The world’s largest EV manufacture Tesla has accused the South African Government of protectionist practises with their high tariffs on imported electric vehicles. Tesla CEO Elon Musk this week stated that Tesla has not launched in South Africa because the government keeps import duties high to protect the local manufacturing industry.

Responding to questions on X (formerly Twitter), Musk decried  the high import taxes, indicating that it would not make business sense to trade in South Africa, which does not make electric vehicles.

While the Government’s Just Energy Transition has identified decarbonisation of the transport sector as essential in mitigating carbon emissions in South Africa, the Department of Trade and Industry has stated in the 2023 White Paper on EVs, that the EV transition poses a potential existential crisis to the automotive production industry, with South Africa’s vast automotive value chain still deeply entrenched in producing internal combustion vehicles and components for the domestic market and export.
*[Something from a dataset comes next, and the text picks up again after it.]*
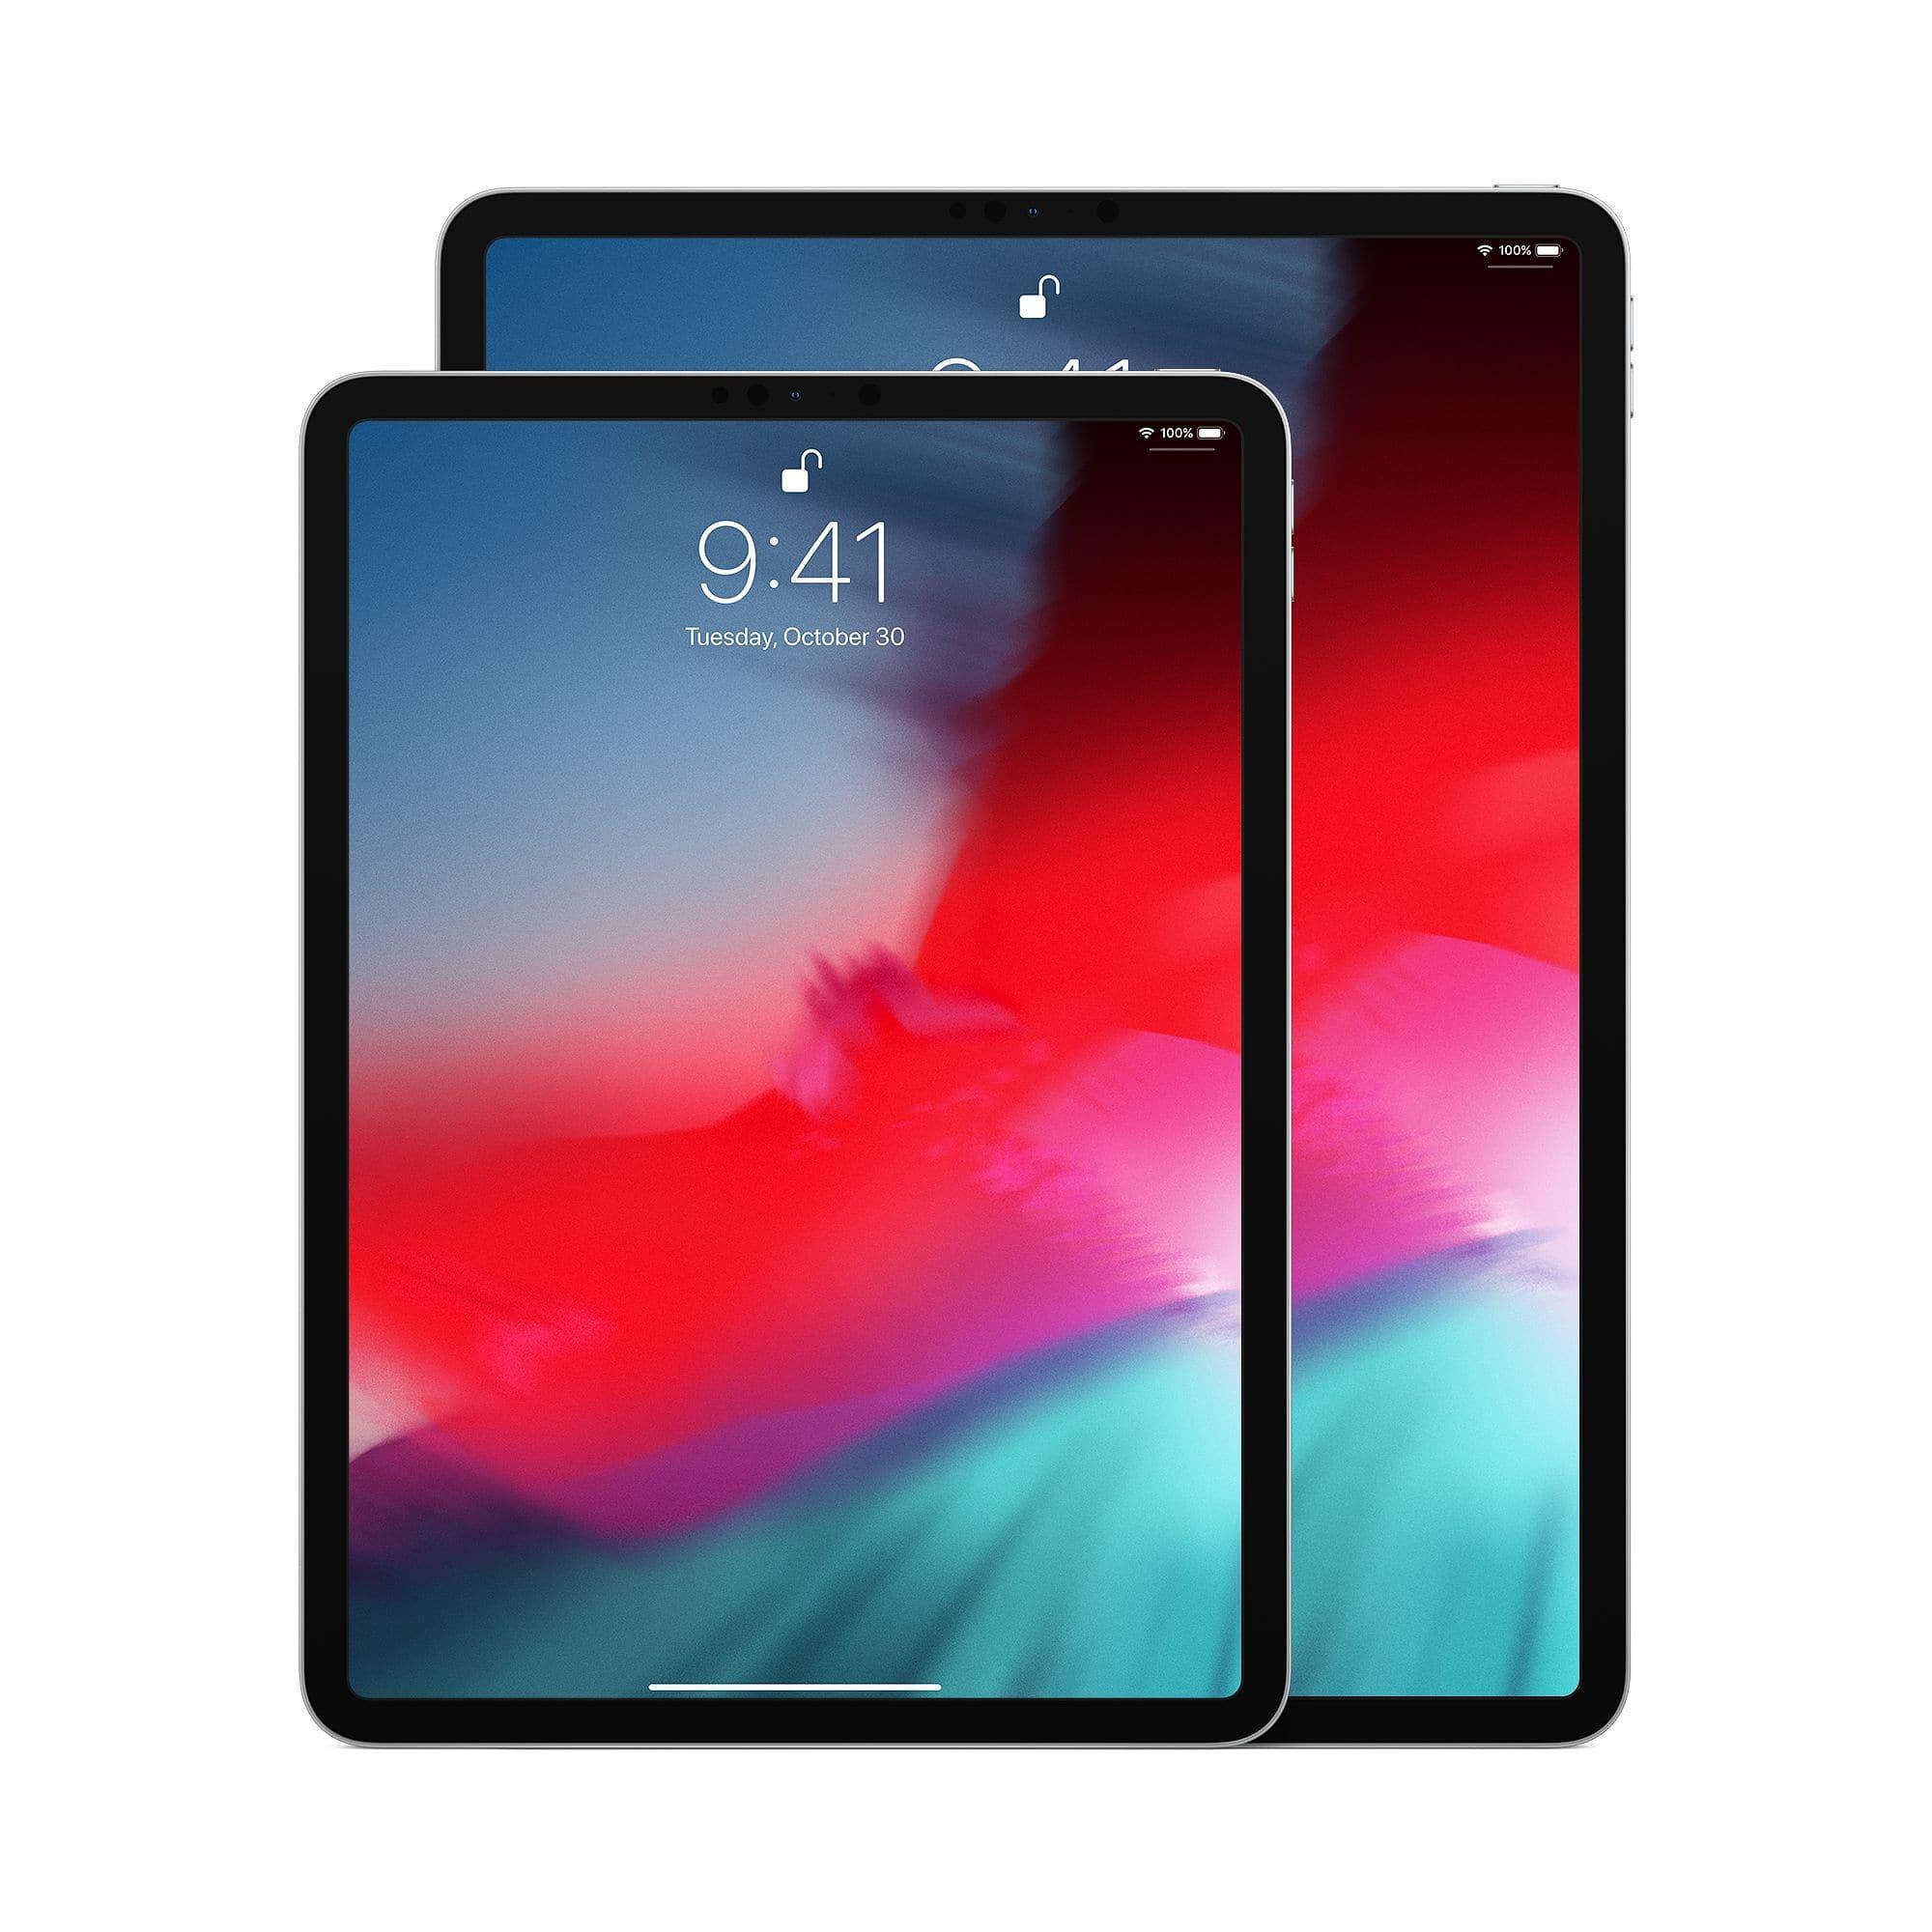 iPad Pro 2019 iPad Pro 2019 - iPad Pro 2019 và một số tính năng mới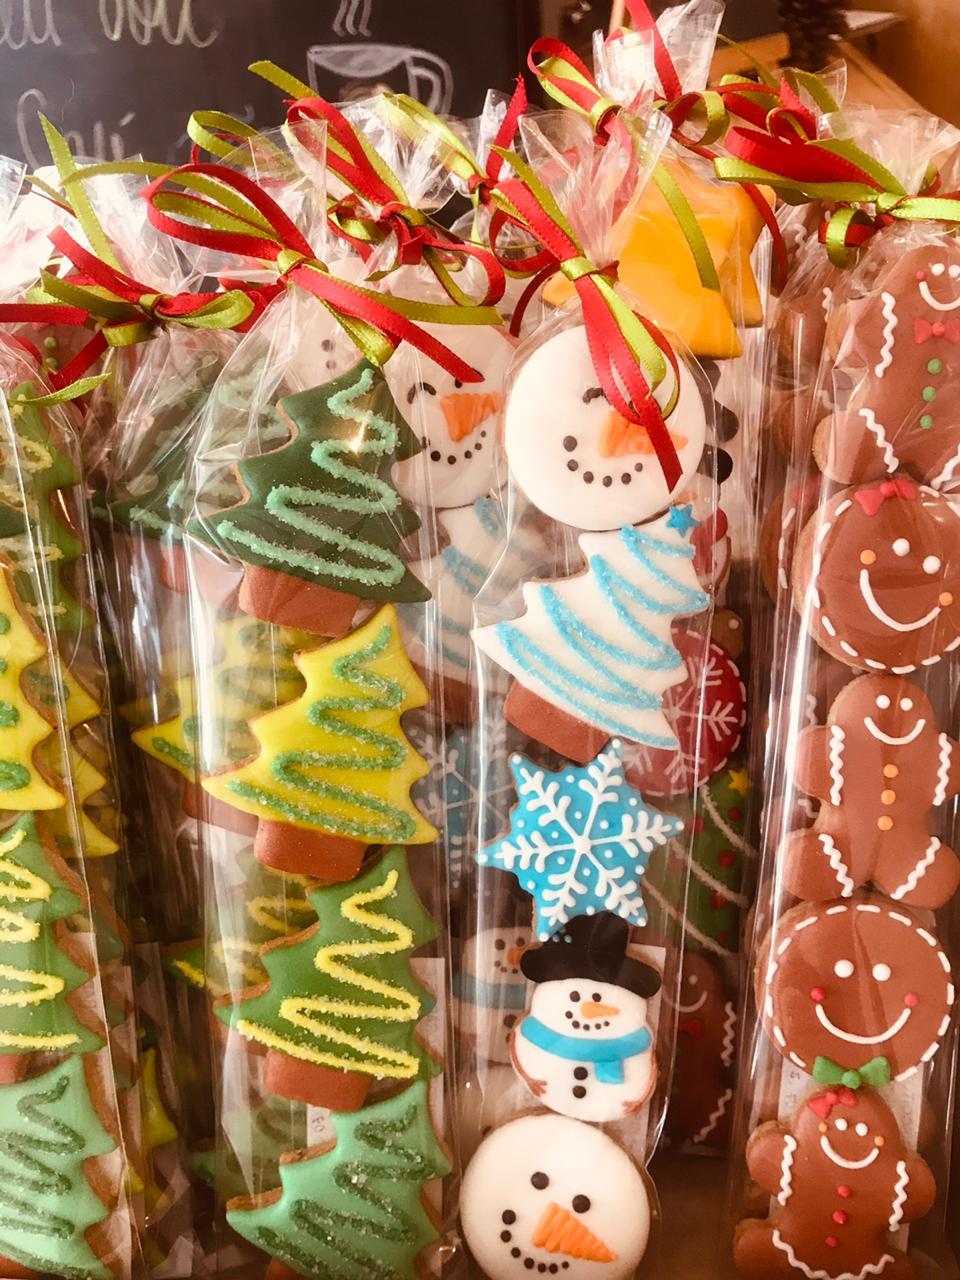 biscoitos de presente do alaúde no vipzinho

According to the National Association of Automobile Manufacturers of South Africa (NAAMSA), the sector employs half a million people across the value chain and contributes 4.3% of SA’s GDP and 17.3% of manufacturing output. About 21 firms that produce passenger and commercial automobiles employ 30,250 workers. The component sector employs around 80,000 people. The majority of employees are members of the National Automobile and Allied Workers’ Union (NAAWU), which has since become connected with the National Union of Metalworkers of South Africa (NUMSA). NUMSA is South Africa’s largest trade union with almost 350 000 members and has had a firm grip on the automotive industry for years.

While the ruling party has historically maintained a close relationship with trade unions, the government has found it challenging to implement reforms that affect the working class, which has been the largest voting demographic since the dawn of democracy. The automotive value chain for internal combustion engine (ICE) vehicles is a significant manufacturing sector in the country, with participation from small and medium enterprises in local communities, engaging in activities such as repairs, parts refurbishment, and contributing to local economies through services like car washes.

However, the era of ICE vehicles is approaching its end globally. Markets for carbon-emitting vehicles are gradually contracting, as evidenced by the UK’s decision to reverse its plan to advance the ban on new ICE vehicles by 5 years, aligning with the European Union’s 2035 deadline. By the end of 2024, the UK has mandated that 22% of all new vehicle sales must be electric by the next year, increasing to 25% in 2025, 80% by 2030, and reaching 100% by 2035. Despite this global shift, while EV assembly and manufacturing take place in South Africa, the completed products are predominantly intended for the export market rather than for domestic consumption. Europe has continued to dominate and accounted for 72.7% of light vehicles exported from South Africa in 2022, thanks largely to both Germany and France reflecting major year-on-year increases

The mega-development hub in Rosslyn currently houses plants for  BMW, Nissan, Iveco and Tata.

The cost of EVs in South Africa remains relatively high, with the cheapest option priced at around R700,000 (GWM Ora Cat, priced from R686,950).

Editorial by Fulufhelo Lloyd Nedohe: The prevailing investment patterns in ICE, along with the government’s limited proactive reforms related to incentives and trade tariffs, indicate a policy crisis in the government’s strategy for developing the EV value chain.